INSIGHT

Video: Startup funding, exits and investment: insights from Jon Medved, Founder and CEO, OurCrowd

By Valeska Bloch
Banking & Finance Capital Markets Startups

Inside the complex funding environment

Access to funding has long been the missing link in the development of startups in Australia. The Australian startup industry has grown significantly over the past few years as capital has become more available. Alternative funding options, including crowdfunding, give startups more options than ever before. While this presents significant opportunities for startups, the complex funding environment can be difficult to navigate.

Key takeaways

Australia's startup ecosystem is making huge strides

Australia has a strong technology sector and quality universities but the challenge has been providing access to finance (in an appropriate manner) to startups.

There has been a huge increase in access to finance in recent years, particularly as superfunds increasingly focus their attention on startups and as international investors increasingly discover Australian companies.

The rise of crowd funding complements traditional funding options

There are a number of funding options for startups: corporate venture capital, venture capital funds, angel investors, and now, crowd funding.

Crowd funding also comes in many forms. OurCrowd takes an approach similar to venture capital and gets actively involved in the companies that it funds to guide them as they grow.

Crowd funding does not replace traditional funding options—it complements the suite of funding available to budding startups.

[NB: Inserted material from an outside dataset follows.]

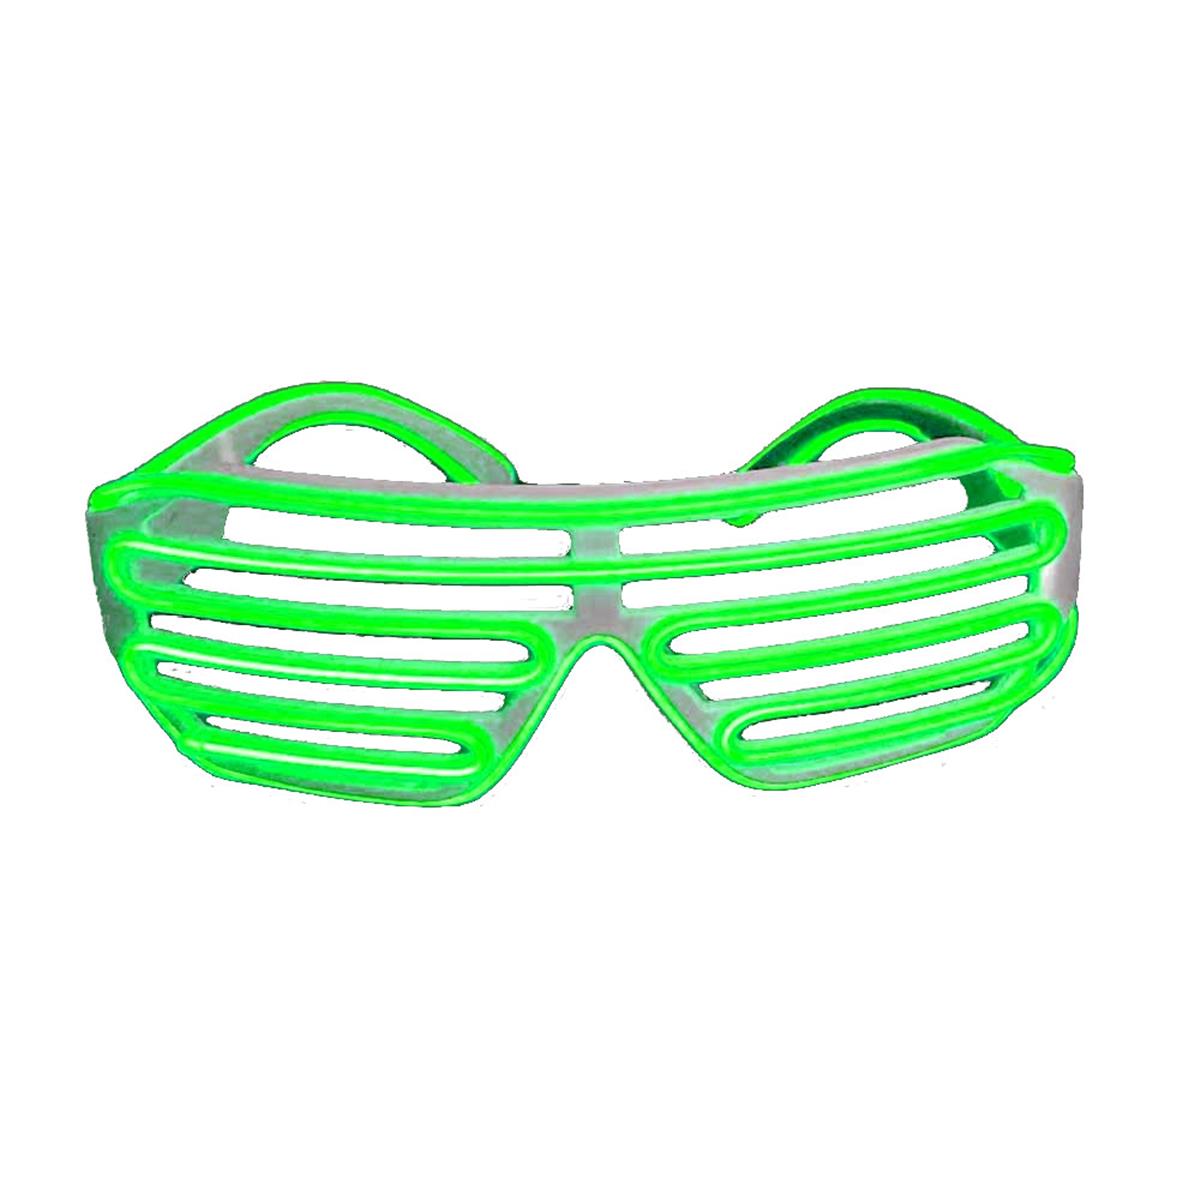 Picture of Blinkee 185185 Electro Luminescent Shutter Shades, Green

Exits are important, but investors and startups should look at exits in different ways

Investors need to think about exits all the time. It is important to get out at the right time and in the right way. Success as an investor often depends on a very few huge successes, so it is important not to get out as soon as the first good offer appears.

For startups, it is important to focus on building a business, not on simply building to an exit. While it is important to stay in contact with bankers, analysts and potential corporate players, this should not overshadow the importance of getting the fundamentals right.

Startups should be careful not to limit their options for an exit too early. For example: bringing corporate partners into a company with a right of first refusal at an early stage can limit the value of the startups later on. It is important to have reliable advisers at an early stage, to avoid making these kind of mistakes that look good in the short term.

Investing in startups is different to investing in public stocks

Investors should add value to the startups they invest in. This includes helping startups raise additional finance and getting involved in further investment rounds. Investors should also help startups develop their businesses by putting them in touch with potential partners, funders and hirers.

This makes startups different to traditional investments. Unlike established public companies, startups often need and expect assistance from their investors.

The future for major corporations depends on innovation

This means they are looking desperately for startups who are innovating in their area. Corporations are aggressively chasing innovation. There are great opportunities for startups that are able to meet this corporate demand.

OurCrowd is a leading equity crowdfunding platform that gives individual investors access to the startup sector. Rather than operating only as an investment platform, OurCrowd maintains a highly curated investment portfolio and actively works to develop the companies in which it invests. OurCrowd has over 25,000 accredited investors globally (including in Australia) and more than $1 billion under management.